Damian: Son of Batman #2 review

I didn’t think the first face I would see in issue #2 would be as bad as what greeted me in issue #1 but I was wrong. I opened this up, took one look, laughed out loud and threw the comic back to the table. Jeez… the first panel looks like an old Asian man taking the angriest poo of his life, but in actuality it’s none other than Bruce Wayne, who showed up at the end of last month’s issue alive and well. This, of course, proved the theory that the Batman we saw die in a fish-related explosion was really Dick Grayson all along. Man…Someone needs to write a story in which Dick Grayson has a good death. In just the past 6 months I’ve also seen him go out like Hilary Swank in

Spoiler
Million Dollar Baby
. Let’s get a good “out in a blaze of glory” Dick Grayson story, yeah? He deserves it. Batman’s about to celebrate 75 years worth of stories, but you know who’s about to celebrate his 74th? Dick f***ing Grayson.

Anyway, this comic is bad. End of review.

Recommended If…

  • You love Andy Kubert’s artwork
  • Batman Odyssey was actually pretty cool (check out my review. I assure you it’s for a real book, not a random assemblage of insanity– it was a published book)
  • You like the feel of these matte pages
  • …that’s all I got, sorry.

Overall

What? You want something more substantial? Fine.

Review

Elderly Bruce Wayne has been away somewhere the whole time Dick and Damian have been serving the city as the new Dynamic Duo. It’s never explained where Bruce has been vacationing beyond Damian making a crack about an “old folks home” but that’s pretty doubtful considering Alfred’s still working full time as the butler in Wayne Manor. I really don’t see Bruce retiring, especially without Alfred in his employ, but that’s a whole other discussion. The point is that the fight scene looks great but it’s filled with dialogue in which Damian sounds exactly like Sylvester the Cat. No, you read that right. Go back and check, I’ll wait. Yeah, I said Sylvester the Cat, as in the feline with a speech impediment and taste for small yellow birds– THAT Sylvester the Cat. Writer and artist, Andy Kubert, has fun writing things out phonetically a few times in this issue and I’m not sure which example is worse.
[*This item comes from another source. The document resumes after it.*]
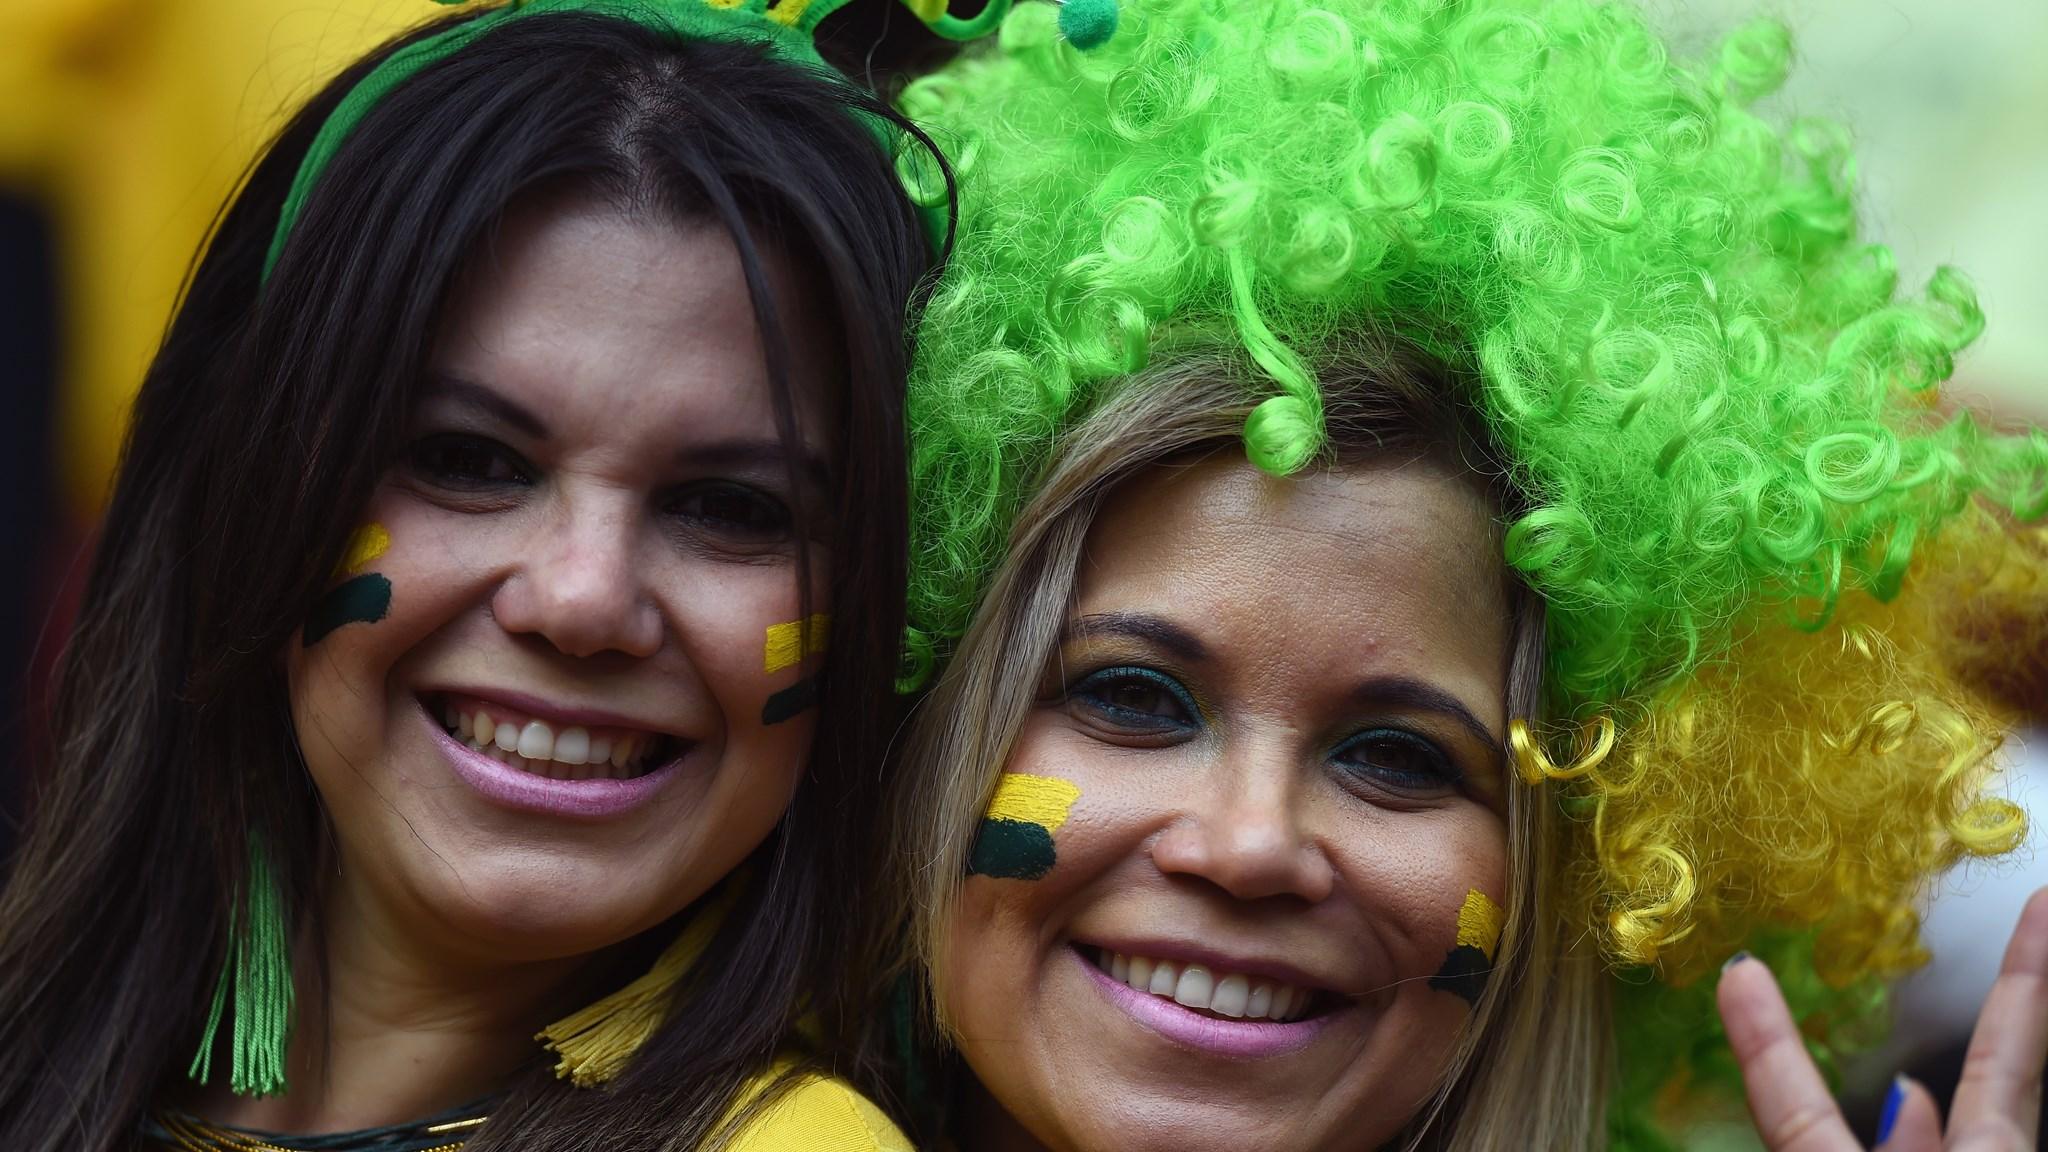 171 - Brazil-Netherlands [0-3] -- 12 Jul 2014 - 17-00 - kuaza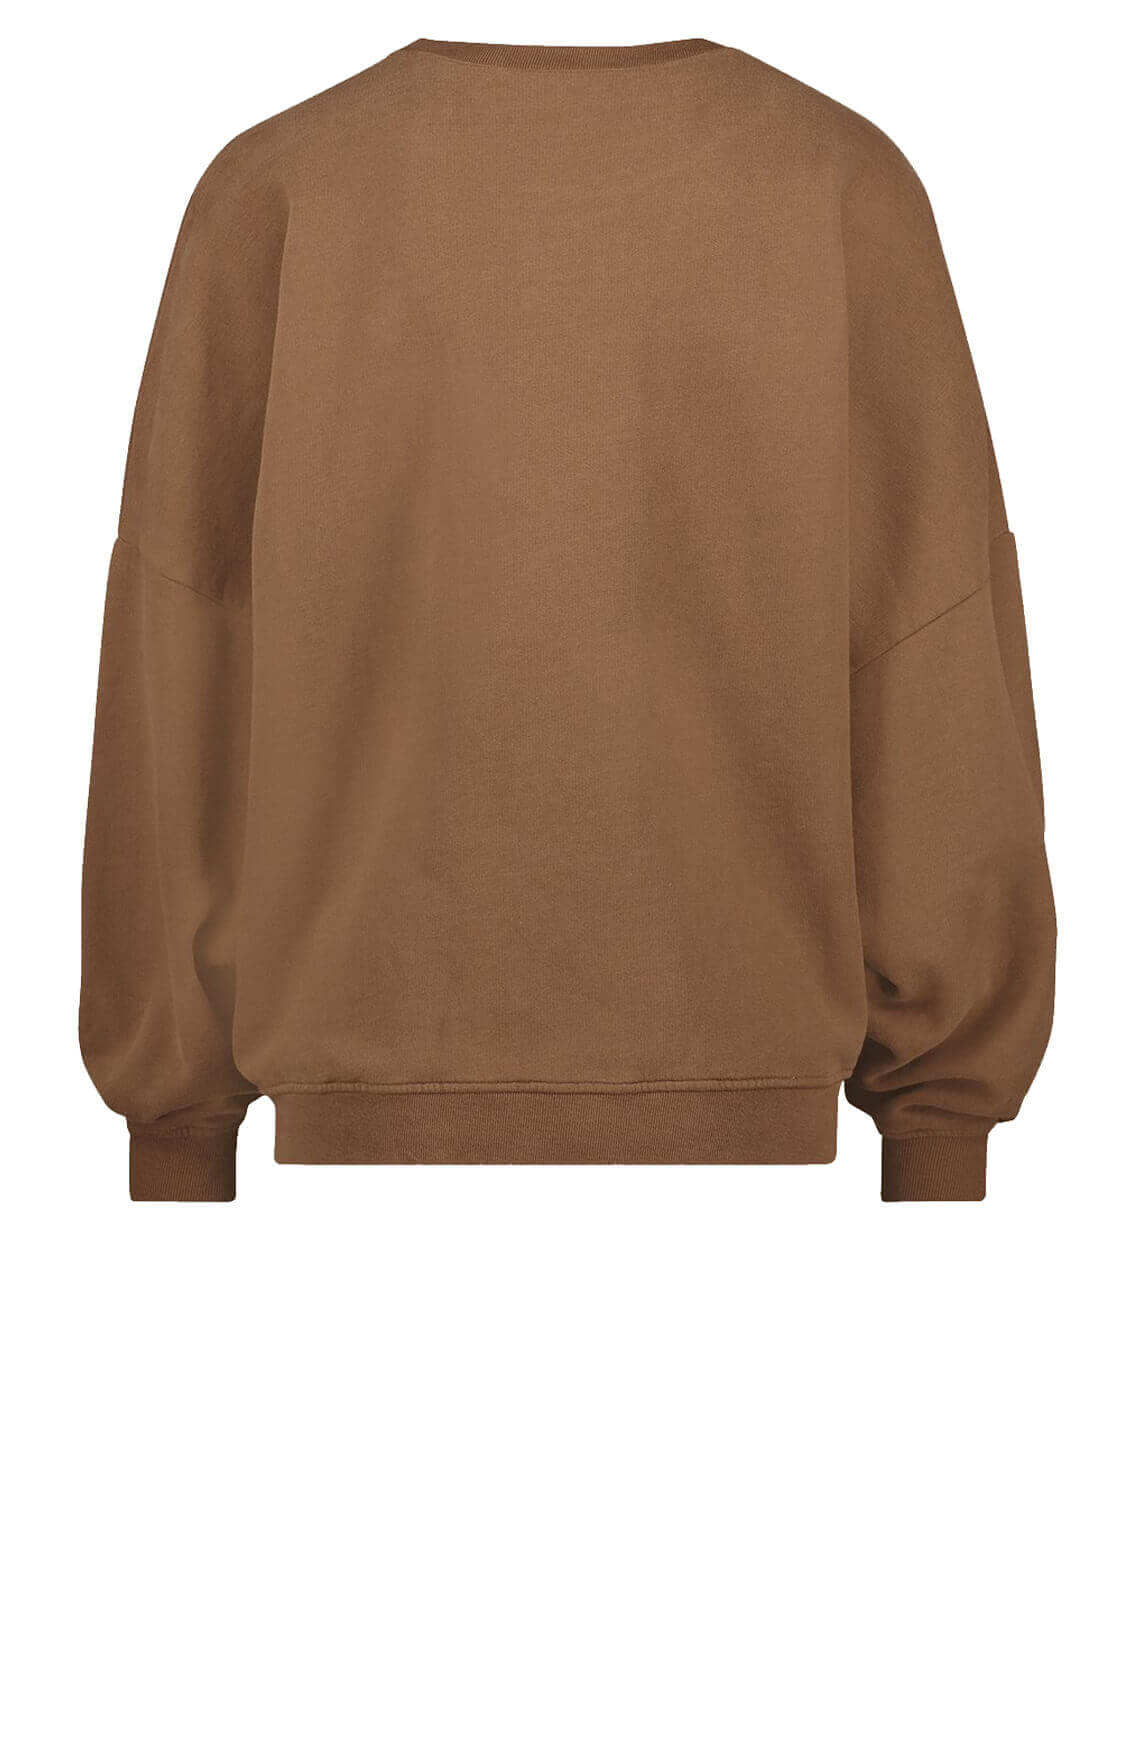 Penn & Ink Dames Sweater Bruin

After the battle in the Batcave, Damian finds solace back in the Catholic Church (who knew Damian was so super Catholic?) where a priest who may or may not be Jim Gordon offers advice. This discussion ends with the priest shouting from the confessional “It is then that you can truly become the Batman!” thus blowing any semblance of privacy and letting the whole cathedral know that a famous crimefighter is present… sigh. I don’t even think we’re halfway through the comic at this point, people.

Damian finally becomes Batman out of a desire to prove himself to his father and honor the legacy that fish-blowed-up-Dick Grayson left behind. After much playing of online chess on his personal computer, enough time finally passes on the business computer for Damian to locate where the Joker was last sighted– Arkham Asylum (as if it would be anywhere else– look, it’s going to be there, ACE Chemical, or Amusement Mile. Pick one). Then, just as it seems like we’re really going to get an interesting mystery of some kind we cut away to a single page in which Batman is being treated by a grotesque nurse who has a monologue that runs the entire page AND IT’S SPELLED OUT PHONETICALLY AGAIN! This time, though, it’s in a… I guess Kubert was trying for a Bostonian accent or maybe a Harley Quinn accent… I think that the nurse might actually be Harley Quinn… maybe… or maybe I’m trying to hard to find something of any kind of importance about this page because it comes out of nowhere. I was going to read back through all her dialogue to look for some kind of hint but the phonetic spelling is painful to read. Literally painful.

There’s some more action near the end and we even get a villain who does more than die within 1 or 2 panels, but really the comic just flies by. I wish I could say painlessly, but it’s not painless. It’s bad and thankfully brief.

This would be a better comic if it was released like a Mad Libs and we got to fill in the speech bubbles and narrative boxes ourselves. Look at the comic, it can be absolutely beautiful– but don’t read it. Seriously, there are some gorgeous panels here and I love the colors that were used throughout. Only when anger or confusion is meant to be expressed on the faces of characters do these illustrations look bad. It’s a really good-looking book! It’s the “everything else” that I don’t want any part of.

Overall

I definitely don’t recommend this one. The artwork looks really great as long as no character is yelling– then it looks downright silly. But overall it’s a nonsensical story with really bad dialogue and characterization. The spirit of Batman Odyssey is alive and well in this book… I thought it was over but apparently I gotta cast a horcrux back into the firey chasm from whence it came in order to end this madness. *sigh* at least the newest form Odyssey‘s has taken is only 4 chapters long and not 13.